Shell will produce the SAF while Accenture is contributing its IT services and partnering with the Energy Web Foundation to use its existing blockchain platform, powered by Microsoft’s Azure.

Shell currently manufactures SAF using agricultural wastes in Rotterdam, and at a separate facility fed by agricultural wastes and virgin plant feedstocks in Singapore. It is aiming to produce at least two million tonnes of SAFs annually from 2025 and to continue expanding production through to the 2030s, eyeing new production and blending facility locations in markets including the UK to meet these aims.

Shell claims that its SAF can reduce lifecycle emissions by up to 80% when compared with traditional jet fuel, if it is used neat. Current international regulations limit the maximum proportion of SAF in blends to 50%, however. Barriers to using neat SAF include the need for the development of suitable engines and the need to scale up SAF production while avoiding unintended negative consequences, such as poor land-use practices for feedstock crops. SAF currently costs between two and eight times as much as conventional jet fuel, depending on national markets and feedstocks, as it is yet to benefit from the same ‘economies of scale’ benefits as kerosene.

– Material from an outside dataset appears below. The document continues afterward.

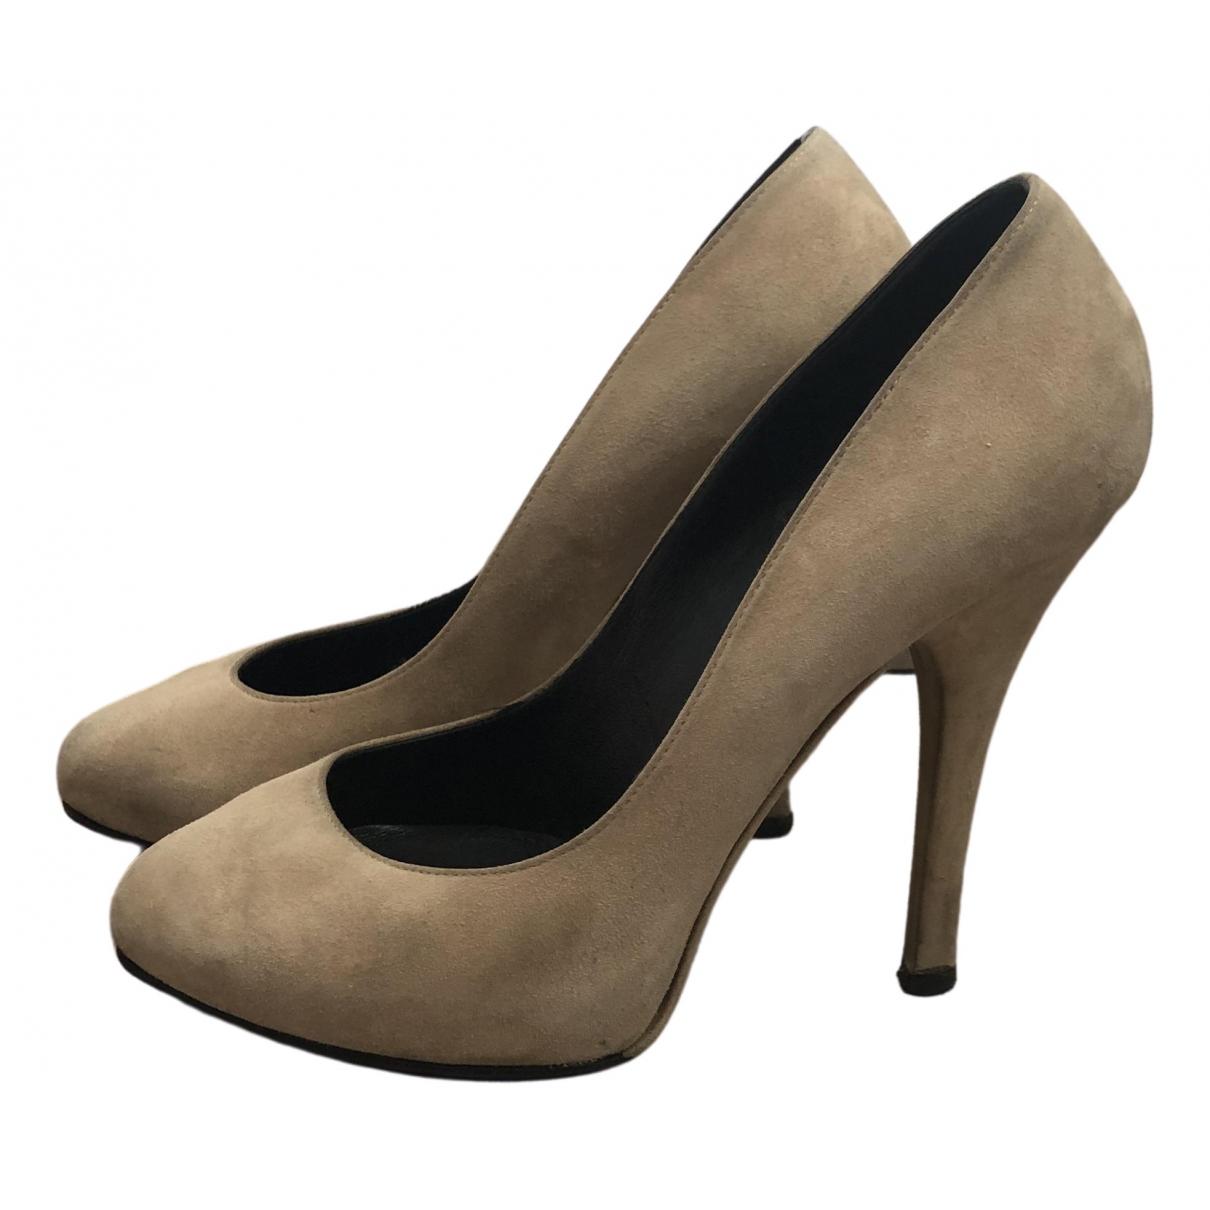 Dolce & Gabbana \N Beige Suede Heels for Women 39 EU

“SAF is a key enabler of decarbonisation in the aviation industry, and it is available today- however, it is currently scarce and costs more than conventional jet fuel,” said Shell Aviation’s president Jan Toschka. “Avelia will help trigger demand for SAF at scale, providing confidence to suppliers like us to further increase investment in production, and in turn helping to lower the price point for these fuels.”

Shell, Accenture, and Amex GBT will notably use the Avelia platform for all of their own business flights.

 

SAF – the state of play

SAF has proven to be a popular approach to decarbonisation for the aviation industry, which is responsible for 3% of annual global emissions and which – pandemic aside – had been growing rapidly in terms of passenger numbers and emissions for a decade.

It is doubtless so popular because using blends of 50% is a ‘drop-in’ solution, requiring no changes to aircraft – as would be necessary for electrification or the use of hydrogen. The UK’s industry body for sustainability in aviation is planning to prioritise SAF use, efficiencies and offsetting to reach net-zero, and this approach has influenced national policymaking on the issue.

This approach is against the recommendation of the UK’s Climate Change Committee (CCC). The CCC’s most optimistic forecast for the use of SAF in the UK’s aviation industry is for it to cover 7% of fuel supply in 2030. With this in mind, and with electric and hydrogen technologies for large planes still years from maturity, the CCC has recommended that the Government caps airport expansion and limits the growth in passenger numbers. The Conservative Party has, to date, been staunchly against this approach – as have most large businesses in the sector.

Instead, the Government is planning to deliver a rapid scaling of SAF production. Ministers have asked the industry to collaborate to bring at least three commercial SAF production plants online in the UK by 2025. The Government has partnered with LanzaTech, Velocys and Philipps 66 to help deliver this ambition, through its Jet Zero Council.

To ensure adequate demand for these SAFs, the Government is mulling a SAF mandate. Its proposals involve requirements for jet fuel producers to ensure that at least 10% of their production annually is SAF by 2030, rising to 75% by 2050. The EU is considering a similar mandate.